» **Data under study**
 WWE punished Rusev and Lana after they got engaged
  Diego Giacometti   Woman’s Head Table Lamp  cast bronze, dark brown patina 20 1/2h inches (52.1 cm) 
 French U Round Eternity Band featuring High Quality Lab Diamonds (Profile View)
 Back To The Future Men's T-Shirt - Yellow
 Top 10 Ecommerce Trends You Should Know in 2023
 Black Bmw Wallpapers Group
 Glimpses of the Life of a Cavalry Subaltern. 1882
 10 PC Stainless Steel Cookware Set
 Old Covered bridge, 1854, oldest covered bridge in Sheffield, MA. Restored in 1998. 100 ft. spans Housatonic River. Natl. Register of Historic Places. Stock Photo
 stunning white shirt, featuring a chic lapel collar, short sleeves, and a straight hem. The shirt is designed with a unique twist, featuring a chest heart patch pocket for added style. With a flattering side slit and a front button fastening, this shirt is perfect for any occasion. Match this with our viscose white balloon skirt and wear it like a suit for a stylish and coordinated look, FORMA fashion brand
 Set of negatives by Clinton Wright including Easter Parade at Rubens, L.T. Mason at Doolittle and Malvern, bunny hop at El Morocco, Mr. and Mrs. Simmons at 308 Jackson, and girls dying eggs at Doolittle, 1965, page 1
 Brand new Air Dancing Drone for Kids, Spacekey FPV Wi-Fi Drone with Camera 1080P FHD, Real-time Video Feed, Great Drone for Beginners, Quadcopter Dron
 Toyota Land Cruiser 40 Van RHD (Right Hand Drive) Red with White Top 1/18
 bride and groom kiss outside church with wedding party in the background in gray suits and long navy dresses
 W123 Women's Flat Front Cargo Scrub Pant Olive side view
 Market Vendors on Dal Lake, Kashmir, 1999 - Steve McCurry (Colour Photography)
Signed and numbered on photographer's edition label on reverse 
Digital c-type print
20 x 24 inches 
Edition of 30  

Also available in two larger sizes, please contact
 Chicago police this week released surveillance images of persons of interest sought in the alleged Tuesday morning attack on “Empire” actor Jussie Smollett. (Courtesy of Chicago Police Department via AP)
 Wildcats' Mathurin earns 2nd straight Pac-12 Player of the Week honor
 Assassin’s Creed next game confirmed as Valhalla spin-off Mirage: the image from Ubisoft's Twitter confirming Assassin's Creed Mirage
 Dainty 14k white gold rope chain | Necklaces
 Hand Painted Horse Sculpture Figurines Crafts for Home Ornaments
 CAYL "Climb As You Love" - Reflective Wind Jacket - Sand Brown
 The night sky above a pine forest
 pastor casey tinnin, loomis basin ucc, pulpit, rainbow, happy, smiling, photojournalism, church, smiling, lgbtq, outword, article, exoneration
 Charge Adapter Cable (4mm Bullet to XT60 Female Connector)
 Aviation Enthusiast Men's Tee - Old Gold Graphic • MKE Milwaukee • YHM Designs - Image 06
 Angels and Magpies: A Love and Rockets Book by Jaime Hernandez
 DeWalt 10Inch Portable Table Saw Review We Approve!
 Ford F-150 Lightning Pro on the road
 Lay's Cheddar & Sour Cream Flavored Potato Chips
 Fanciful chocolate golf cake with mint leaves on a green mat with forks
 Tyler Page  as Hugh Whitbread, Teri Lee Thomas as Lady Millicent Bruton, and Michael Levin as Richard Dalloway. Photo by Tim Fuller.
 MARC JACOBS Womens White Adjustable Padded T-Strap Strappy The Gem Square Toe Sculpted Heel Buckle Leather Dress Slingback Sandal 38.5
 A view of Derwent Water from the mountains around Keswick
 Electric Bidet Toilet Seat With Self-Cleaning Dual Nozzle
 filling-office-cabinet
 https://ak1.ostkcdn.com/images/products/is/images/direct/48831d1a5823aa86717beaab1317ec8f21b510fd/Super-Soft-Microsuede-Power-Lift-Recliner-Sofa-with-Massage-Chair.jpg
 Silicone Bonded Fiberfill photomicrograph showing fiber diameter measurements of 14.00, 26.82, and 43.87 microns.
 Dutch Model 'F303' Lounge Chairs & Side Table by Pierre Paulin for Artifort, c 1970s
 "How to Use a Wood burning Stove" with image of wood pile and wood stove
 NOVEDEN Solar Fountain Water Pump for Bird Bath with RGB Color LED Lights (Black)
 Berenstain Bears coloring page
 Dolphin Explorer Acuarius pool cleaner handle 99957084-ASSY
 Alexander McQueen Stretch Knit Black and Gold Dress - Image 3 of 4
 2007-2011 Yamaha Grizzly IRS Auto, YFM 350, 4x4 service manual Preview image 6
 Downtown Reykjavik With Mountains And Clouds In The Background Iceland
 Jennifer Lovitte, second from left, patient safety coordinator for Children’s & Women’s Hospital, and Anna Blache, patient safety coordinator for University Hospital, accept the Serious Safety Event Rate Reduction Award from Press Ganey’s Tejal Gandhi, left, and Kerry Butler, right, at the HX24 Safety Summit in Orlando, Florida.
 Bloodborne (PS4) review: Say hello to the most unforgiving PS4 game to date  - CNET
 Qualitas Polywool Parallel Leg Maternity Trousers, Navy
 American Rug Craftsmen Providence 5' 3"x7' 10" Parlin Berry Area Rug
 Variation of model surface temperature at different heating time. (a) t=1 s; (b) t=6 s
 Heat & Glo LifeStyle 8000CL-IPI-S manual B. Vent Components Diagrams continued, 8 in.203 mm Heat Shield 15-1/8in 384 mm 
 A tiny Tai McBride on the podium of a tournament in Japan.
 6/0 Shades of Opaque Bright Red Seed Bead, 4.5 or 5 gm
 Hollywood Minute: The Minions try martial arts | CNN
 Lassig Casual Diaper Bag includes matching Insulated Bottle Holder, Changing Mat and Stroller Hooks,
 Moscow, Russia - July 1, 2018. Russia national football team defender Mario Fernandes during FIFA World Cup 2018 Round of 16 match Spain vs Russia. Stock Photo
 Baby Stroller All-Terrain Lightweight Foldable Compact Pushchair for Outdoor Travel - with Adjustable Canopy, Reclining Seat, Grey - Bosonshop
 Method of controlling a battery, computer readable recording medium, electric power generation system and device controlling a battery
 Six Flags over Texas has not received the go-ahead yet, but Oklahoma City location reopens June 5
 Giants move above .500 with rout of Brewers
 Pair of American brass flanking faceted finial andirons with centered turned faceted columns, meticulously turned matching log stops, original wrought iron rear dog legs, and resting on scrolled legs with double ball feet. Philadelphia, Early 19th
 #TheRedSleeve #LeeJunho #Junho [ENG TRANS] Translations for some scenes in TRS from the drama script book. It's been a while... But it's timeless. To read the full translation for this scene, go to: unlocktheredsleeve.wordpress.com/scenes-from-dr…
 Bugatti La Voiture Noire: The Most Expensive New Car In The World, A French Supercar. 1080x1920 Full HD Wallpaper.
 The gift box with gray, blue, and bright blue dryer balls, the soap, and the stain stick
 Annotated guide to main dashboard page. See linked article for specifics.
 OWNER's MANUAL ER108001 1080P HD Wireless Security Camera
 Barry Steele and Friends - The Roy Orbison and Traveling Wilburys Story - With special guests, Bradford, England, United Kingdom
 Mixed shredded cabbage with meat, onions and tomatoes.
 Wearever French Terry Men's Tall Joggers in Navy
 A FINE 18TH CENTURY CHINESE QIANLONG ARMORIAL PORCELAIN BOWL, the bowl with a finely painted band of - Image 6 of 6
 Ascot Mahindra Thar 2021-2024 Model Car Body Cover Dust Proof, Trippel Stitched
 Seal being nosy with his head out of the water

» **Exercise brief**
Give back each entry exactly as it was written.

» **Exercise solution**
 WWE punished Rusev and Lana after they got engaged
  Diego Giacometti   Woman’s Head Table Lamp  cast bronze, dark brown patina 20 1/2h inches (52.1 cm) 
 French U Round Eternity Band featuring High Quality Lab Diamonds (Profile View)
 Back To The Future Men's T-Shirt - Yellow
 Top 10 Ecommerce Trends You Should Know in 2023
 Black Bmw Wallpapers Group
 Glimpses of the Life of a Cavalry Subaltern. 1882
 10 PC Stainless Steel Cookware Set
 Old Covered bridge, 1854, oldest covered bridge in Sheffield, MA. Restored in 1998. 100 ft. spans Housatonic River. Natl. Register of Historic Places. Stock Photo
 stunning white shirt, featuring a chic lapel collar, short sleeves, and a straight hem. The shirt is designed with a unique twist, featuring a chest heart patch pocket for added style. With a flattering side slit and a front button fastening, this shirt is perfect for any occasion. Match this with our viscose white balloon skirt and wear it like a suit for a stylish and coordinated look, FORMA fashion brand
 Set of negatives by Clinton Wright including Easter Parade at Rubens, L.T. Mason at Doolittle and Malvern, bunny hop at El Morocco, Mr. and Mrs. Simmons at 308 Jackson, and girls dying eggs at Doolittle, 1965, page 1
 Brand new Air Dancing Drone for Kids, Spacekey FPV Wi-Fi Drone with Camera 1080P FHD, Real-time Video Feed, Great Drone for Beginners, Quadcopter Dron
 Toyota Land Cruiser 40 Van RHD (Right Hand Drive) Red with White Top 1/18
 bride and groom kiss outside church with wedding party in the background in gray suits and long navy dresses
 W123 Women's Flat Front Cargo Scrub Pant Olive side view
 Market Vendors on Dal Lake, Kashmir, 1999 - Steve McCurry (Colour Photography)
Signed and numbered on photographer's edition label on reverse 
Digital c-type print
20 x 24 inches 
Edition of 30  

Also available in two larger sizes, please contact
 Chicago police this week released surveillance images of persons of interest sought in the alleged Tuesday morning attack on “Empire” actor Jussie Smollett. (Courtesy of Chicago Police Department via AP)
 Wildcats' Mathurin earns 2nd straight Pac-12 Player of the Week honor
 Assassin’s Creed next game confirmed as Valhalla spin-off Mirage: the image from Ubisoft's Twitter confirming Assassin's Creed Mirage
 Dainty 14k white gold rope chain | Necklaces
 Hand Painted Horse Sculpture Figurines Crafts for Home Ornaments
 CAYL "Climb As You Love" - Reflective Wind Jacket - Sand Brown
 The night sky above a pine forest
 pastor casey tinnin, loomis basin ucc, pulpit, rainbow, happy, smiling, photojournalism, church, smiling, lgbtq, outword, article, exoneration
 Charge Adapter Cable (4mm Bullet to XT60 Female Connector)
 Aviation Enthusiast Men's Tee - Old Gold Graphic • MKE Milwaukee • YHM Designs - Image 06
 Angels and Magpies: A Love and Rockets Book by Jaime Hernandez
 DeWalt 10Inch Portable Table Saw Review We Approve!
 Ford F-150 Lightning Pro on the road
 Lay's Cheddar & Sour Cream Flavored Potato Chips
 Fanciful chocolate golf cake with mint leaves on a green mat with forks
 Tyler Page  as Hugh Whitbread, Teri Lee Thomas as Lady Millicent Bruton, and Michael Levin as Richard Dalloway. Photo by Tim Fuller.
 MARC JACOBS Womens White Adjustable Padded T-Strap Strappy The Gem Square Toe Sculpted Heel Buckle Leather Dress Slingback Sandal 38.5
 A view of Derwent Water from the mountains around Keswick
 Electric Bidet Toilet Seat With Self-Cleaning Dual Nozzle
 filling-office-cabinet
 https://ak1.ostkcdn.com/images/products/is/images/direct/48831d1a5823aa86717beaab1317ec8f21b510fd/Super-Soft-Microsuede-Power-Lift-Recliner-Sofa-with-Massage-Chair.jpg
 Silicone Bonded Fiberfill photomicrograph showing fiber diameter measurements of 14.00, 26.82, and 43.87 microns.
 Dutch Model 'F303' Lounge Chairs & Side Table by Pierre Paulin for Artifort, c 1970s
 "How to Use a Wood burning Stove" with image of wood pile and wood stove
 NOVEDEN Solar Fountain Water Pump for Bird Bath with RGB Color LED Lights (Black)
 Berenstain Bears coloring page
 Dolphin Explorer Acuarius pool cleaner handle 99957084-ASSY
 Alexander McQueen Stretch Knit Black and Gold Dress - Image 3 of 4
 2007-2011 Yamaha Grizzly IRS Auto, YFM 350, 4x4 service manual Preview image 6
 Downtown Reykjavik With Mountains And Clouds In The Background Iceland
 Jennifer Lovitte, second from left, patient safety coordinator for Children’s & Women’s Hospital, and Anna Blache, patient safety coordinator for University Hospital, accept the Serious Safety Event Rate Reduction Award from Press Ganey’s Tejal Gandhi, left, and Kerry Butler, right, at the HX24 Safety Summit in Orlando, Florida.
 Bloodborne (PS4) review: Say hello to the most unforgiving PS4 game to date  - CNET
 Qualitas Polywool Parallel Leg Maternity Trousers, Navy
 American Rug Craftsmen Providence 5' 3"x7' 10" Parlin Berry Area Rug
 Variation of model surface temperature at different heating time. (a) t=1 s; (b) t=6 s
 Heat & Glo LifeStyle 8000CL-IPI-S manual B. Vent Components Diagrams continued, 8 in.203 mm Heat Shield 15-1/8in 384 mm 
 A tiny Tai McBride on the podium of a tournament in Japan.
 6/0 Shades of Opaque Bright Red Seed Bead, 4.5 or 5 gm
 Hollywood Minute: The Minions try martial arts | CNN
 Lassig Casual Diaper Bag includes matching Insulated Bottle Holder, Changing Mat and Stroller Hooks,
 Moscow, Russia - July 1, 2018. Russia national football team defender Mario Fernandes during FIFA World Cup 2018 Round of 16 match Spain vs Russia. Stock Photo
 Baby Stroller All-Terrain Lightweight Foldable Compact Pushchair for Outdoor Travel - with Adjustable Canopy, Reclining Seat, Grey - Bosonshop
 Method of controlling a battery, computer readable recording medium, electric power generation system and device controlling a battery
 Six Flags over Texas has not received the go-ahead yet, but Oklahoma City location reopens June 5
 Giants move above .500 with rout of Brewers
 Pair of American brass flanking faceted finial andirons with centered turned faceted columns, meticulously turned matching log stops, original wrought iron rear dog legs, and resting on scrolled legs with double ball feet. Philadelphia, Early 19th
 #TheRedSleeve #LeeJunho #Junho [ENG TRANS] Translations for some scenes in TRS from the drama script book. It's been a while... But it's timeless. To read the full translation for this scene, go to: unlocktheredsleeve.wordpress.com/scenes-from-dr…
 Bugatti La Voiture Noire: The Most Expensive New Car In The World, A French Supercar. 1080x1920 Full HD Wallpaper.
 The gift box with gray, blue, and bright blue dryer balls, the soap, and the stain stick
 Annotated guide to main dashboard page. See linked article for specifics.
 OWNER's MANUAL ER108001 1080P HD Wireless Security Camera
 Barry Steele and Friends - The Roy Orbison and Traveling Wilburys Story - With special guests, Bradford, England, United Kingdom
 Mixed shredded cabbage with meat, onions and tomatoes.
 Wearever French Terry Men's Tall Joggers in Navy
 A FINE 18TH CENTURY CHINESE QIANLONG ARMORIAL PORCELAIN BOWL, the bowl with a finely painted band of - Image 6 of 6
 Ascot Mahindra Thar 2021-2024 Model Car Body Cover Dust Proof, Trippel Stitched
 Seal being nosy with his head out of the water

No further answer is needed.